Previous message: Andrew Kehoe: "Corpora: Re: HTML Concordancing"
Messages sorted by: [ date ] [ thread ] [ subject ] [ author ]

Maritza,

It seems that most of the technology you require is already implicit in our
prototype WebCorp web concordancing software. We have modified the existing tool
to produce word (frequency) lists for web pages. A demonstrator can be found
at http://webcorp.connect.org.uk/wordlist.html, which will construct word lists
for an individual target page.

Regards,

Mike Pacey,
R&D Unit for English Studies,
University of Liverpool

> From owner-corpora@lists.uib.no Tue May 9 12:10 BST 2000
> From: "Maritza vd Heuvel" <MVDH@AKAD.SUN.AC.ZA>
> To: Corpora@hd.uib.no
> Date: Tue, 9 May 2000 12:46:32 +0200
> MIME-Version: 1.0
> Content-transfer-encoding: 7BIT
> Subject: Corpora: Html Concordancing?
>
> Hi
>
> Let me start off by introducing myself. I'm a postgrad researcher
> working on a lexicon for the speech recogntion component of a
> spoken dialogue system.

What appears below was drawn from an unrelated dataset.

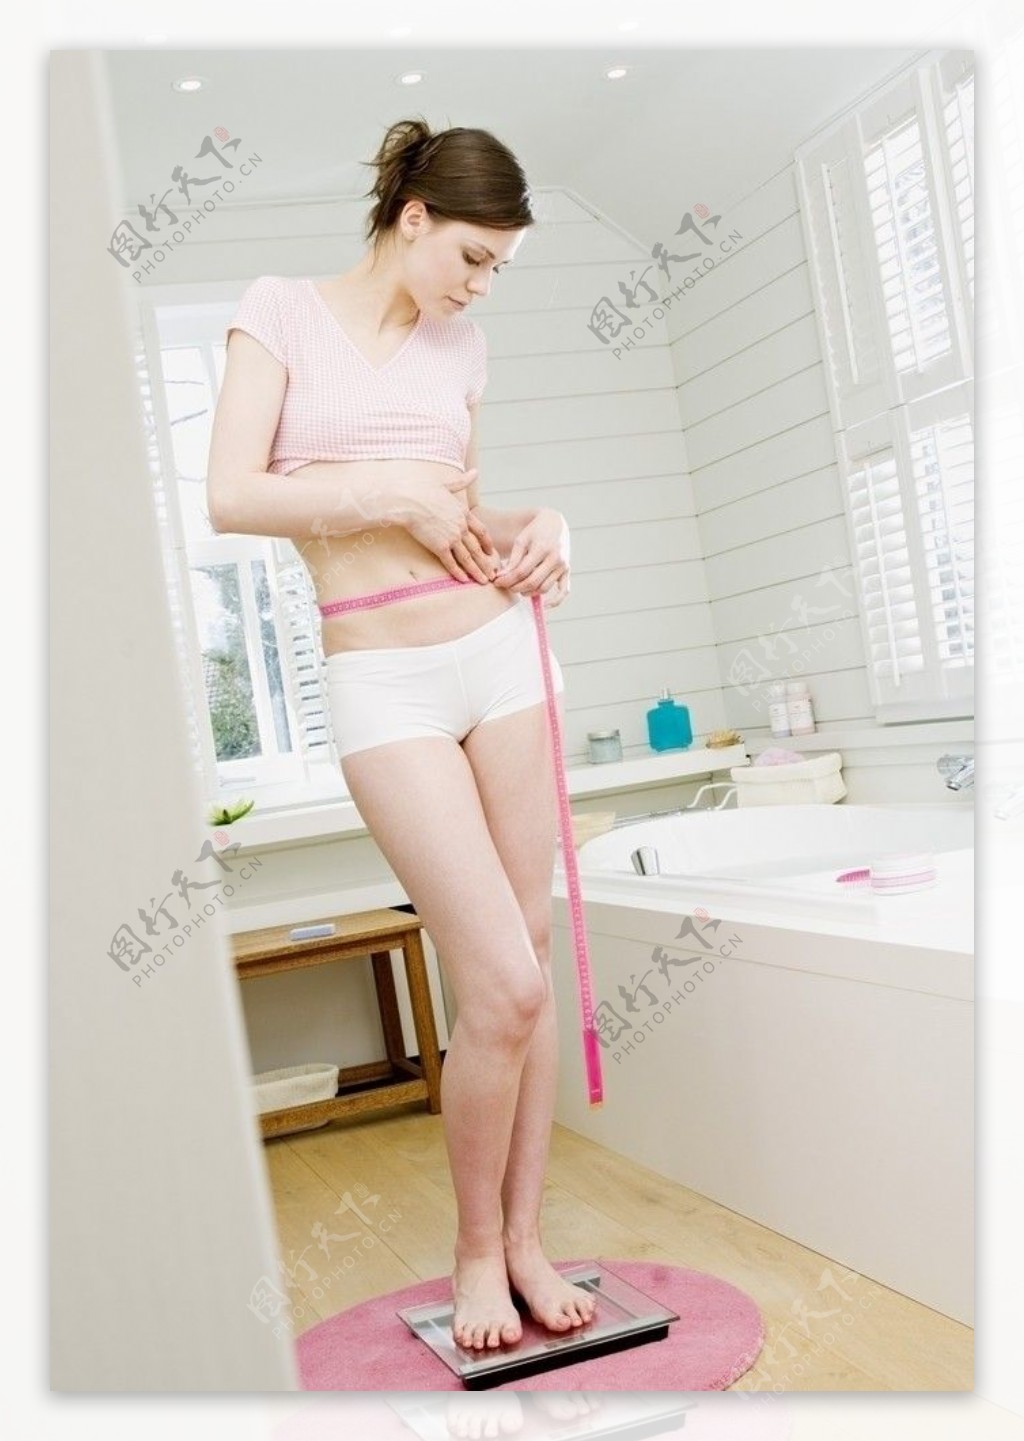 浴室测量腰围的女人图片

The electronic material available for use
> in corpora and for concordancing purposes is very limited and one
> of our options is using web sites containing relevant information to
> generate word lists. Does anyone know of a concordancing tool
> that allows concordancing of files that contain html tags without
> first requiring conversion of the html into a text format?
>
> Thanks!
> Maritza van den Heuvel

Next message: Djoerd Hiemstra: "Corpora: Cooperation needed to delevelop Dutch IR test collection"
Previous message: Andrew Kehoe: "Corpora: Re: HTML Concordancing"
Messages sorted by: [ date ] [ thread ] [ subject ] [ author ]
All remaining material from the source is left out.